Consulting Service Agreement between Thenablers,Inc. and Thenablers, Ltd. (Cyprus) dated May 7, 2018

EX-10.4 2 thenablers_s1a2ex10z4.htm EXHIBIT 10.4

CONSULTING SERVICES AGREEMENT

 

 

THIS AGREEMENT is made as of May 7, 2018 between Thenablers Ltd (“Client“) and Thenablers, Inc. (“Consultant“).

 

In the event of a conflict in the provisions of any attachments hereto and the provisions set forth in this Agreement, the provisions of such attachments shall govern.

 

1. Services

 

Consultant agrees to perform for Client the services related to the sales and marketing of SILBERPHEIL energy drink for which the Client currently has a contract for the distribution in the jurisdiction of Cyprus and Greece (the “Territory”).
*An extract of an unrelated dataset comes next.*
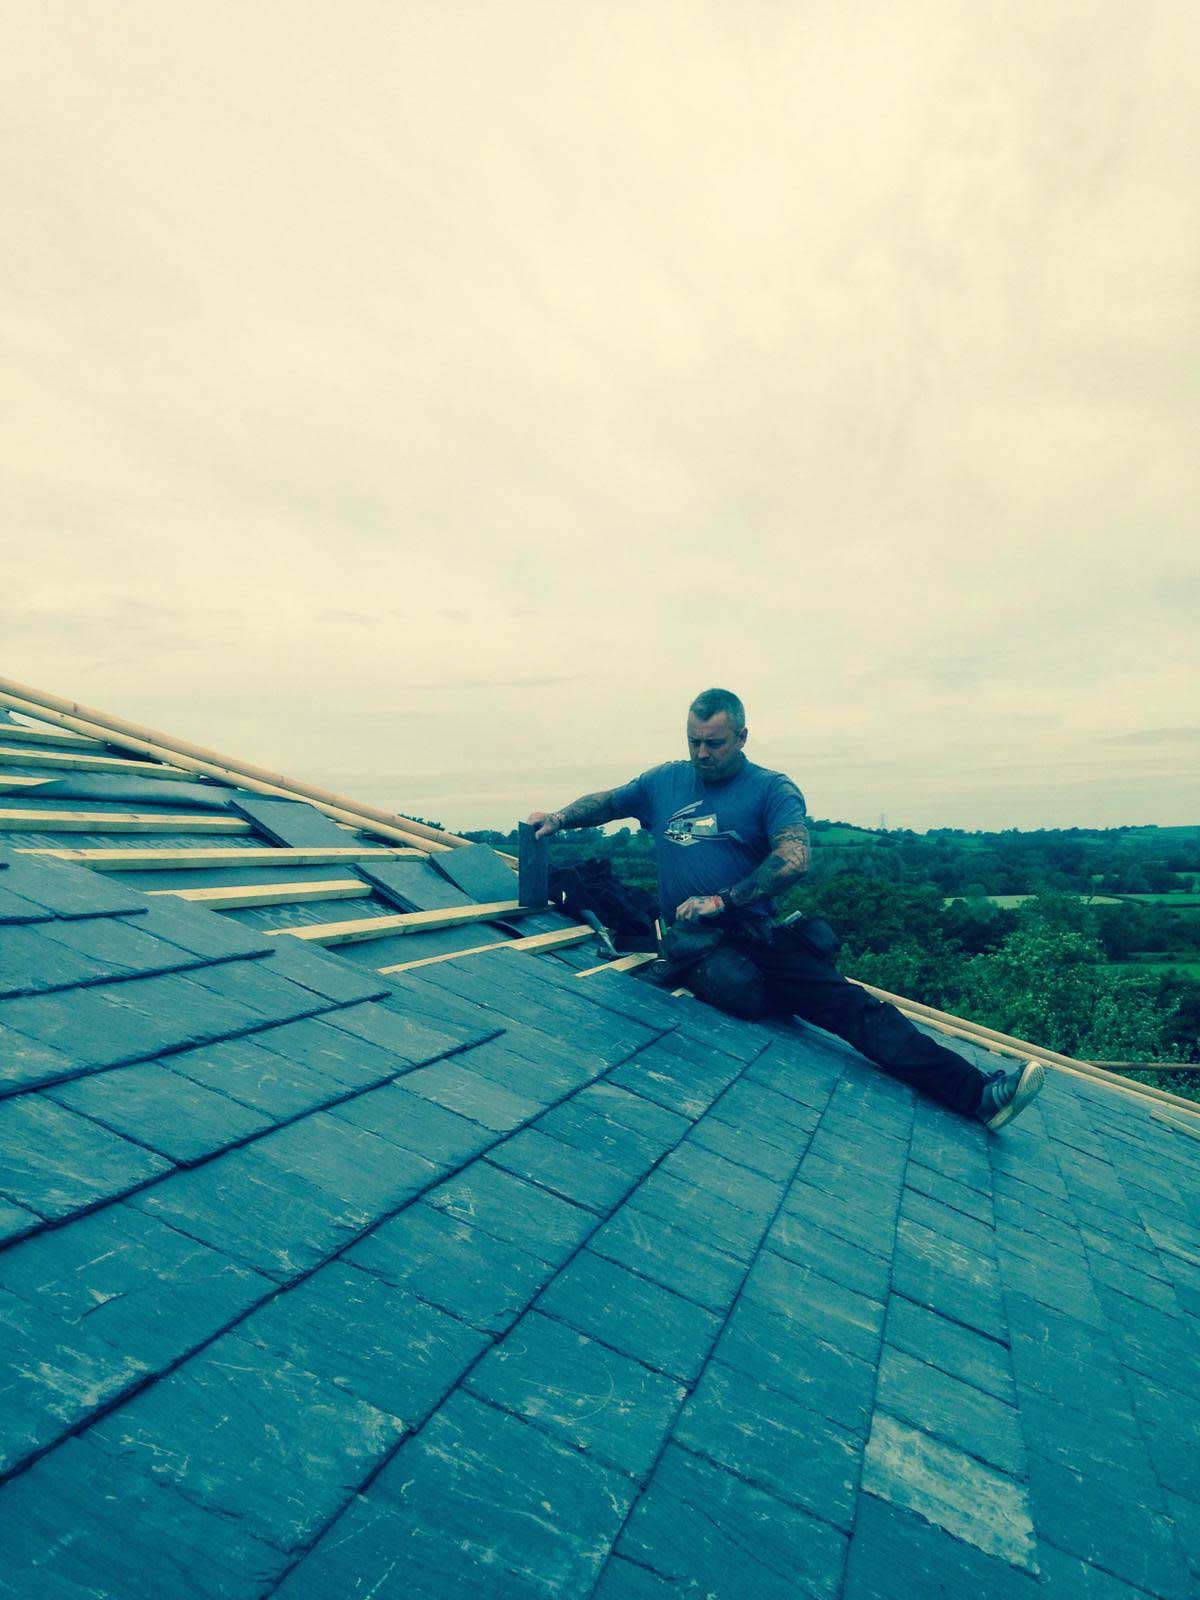 Man working on a roof repair.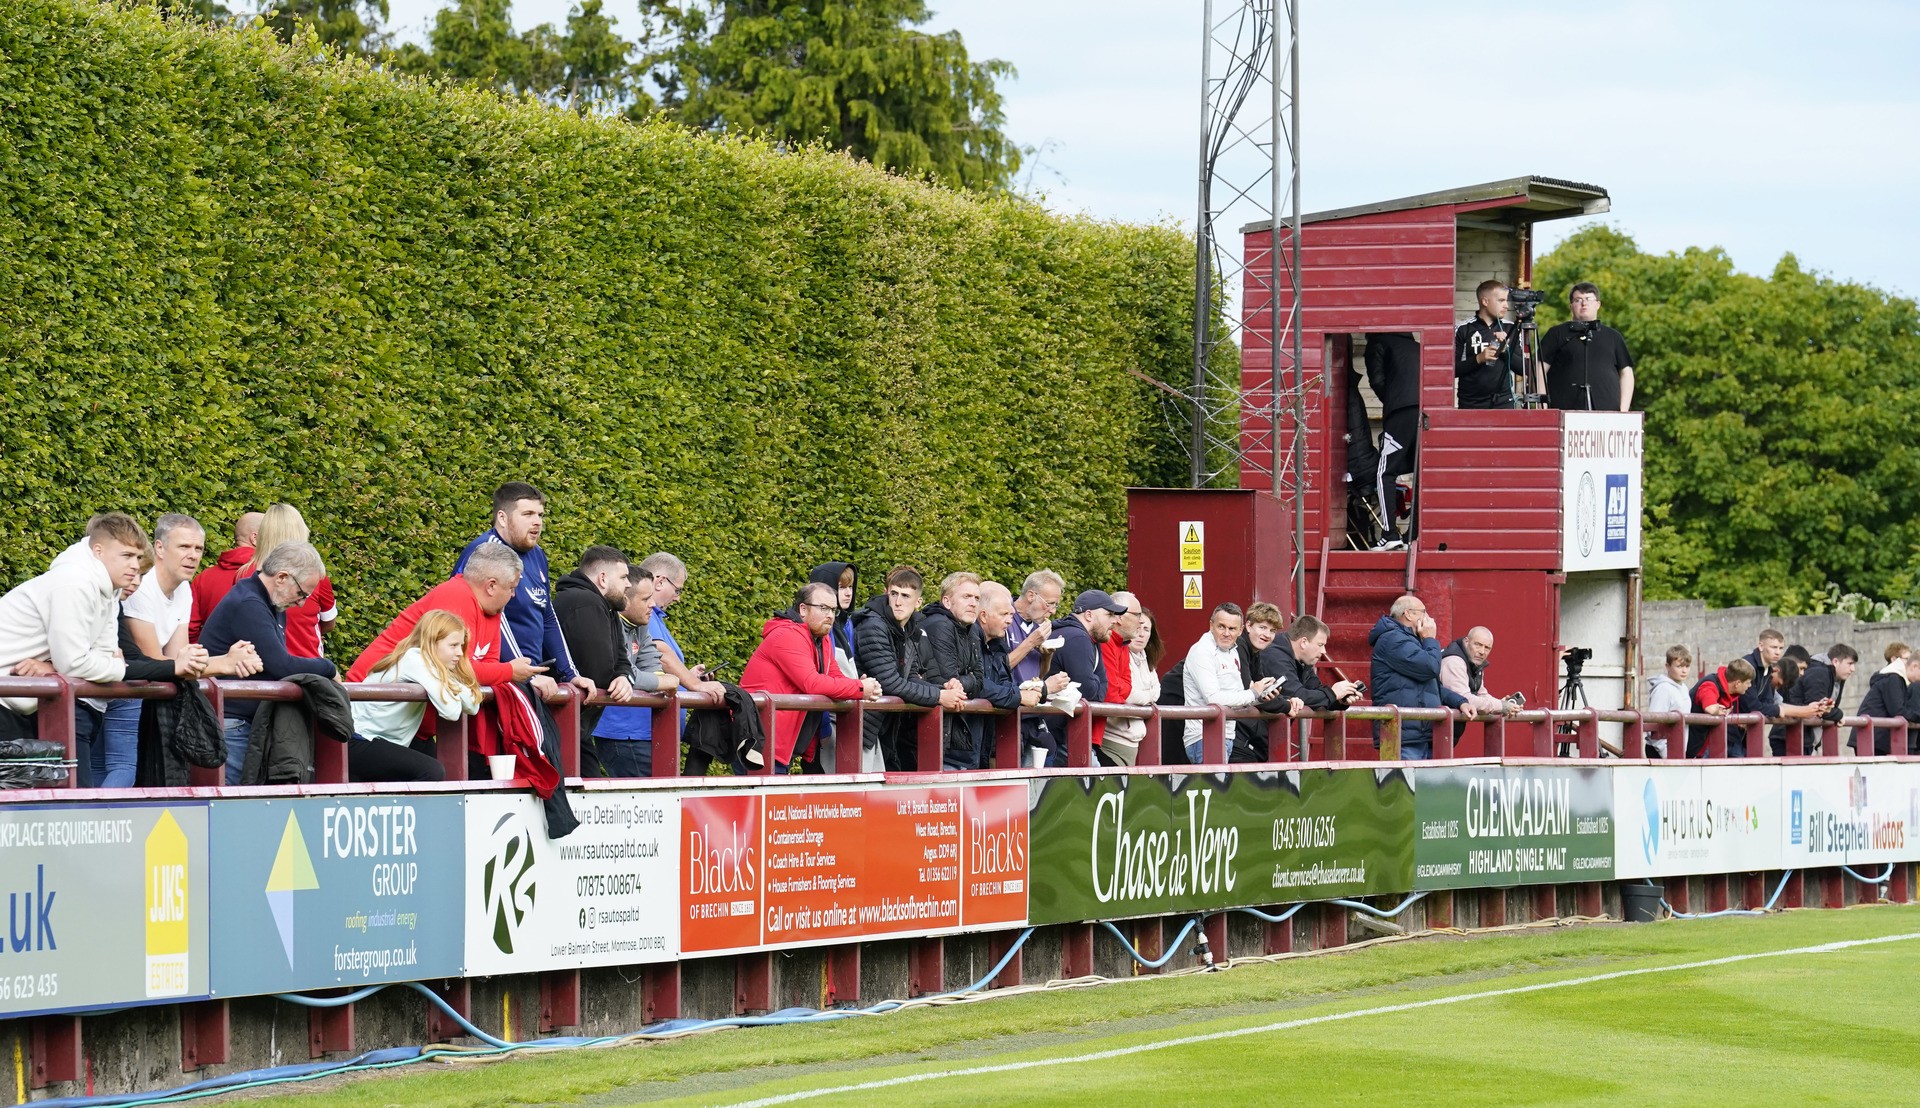 The Glebe Park hedge could make its return to League Two. (Photo by Simon Wootton / SNS Group)

Such services are hereinafter referred to as “Services.” Client agrees that Consultant shall have ready access to Client's staff and resources as necessary to perform the Consultant's services provided for by this contract.

 

2. Rate of Payment for Services

 

Client agrees to pay Consultant for Services on a commission basis equal to a minimum of One and Two Tenths Cents ($0.012) and a maximum of Ten Cents ($0.10) per can sold by the Client in the Territory (the “Commission Range”). The commission paid with in the Commission Range shall be determined by if the consultant will act either as a distributor or as an agent. Furthermore, the client will pay the consultant one – off set up fee of $3,000.

 

3. Invoicing

 

Client shall pay the amounts agreed to herein upon receipt of invoices which shall be sent by Consultant on a monthly basis, and Client shall pay the amount of such invoices to Consultant.

 

4. Confidential Information

 

Each party hereto (“Such Party”) shall hold in trust for the other party hereto (“Such Other Party“), and shall not disclose to any non-party to the Agreement, any confidential information of such Other Party. Confidential information is information which relates to Such Other Party's research, development, trade secrets or business affairs, but does not include information which is generally known or easily ascertainable by non-parties of ordinary skill in computer systems design and programming.

 

Consultant hereby acknowledges that during the performance of this contract, the Consultant may learn or receive confidential Client information and therefore Consultant hereby confirms that all such information relating to the client's business will be kept confidential by the Consultant, except to the extent that such information is required to be divulged to the consultant's clerical or support staff or associates in order to enable Consultant to perform Consultant's contract obligation.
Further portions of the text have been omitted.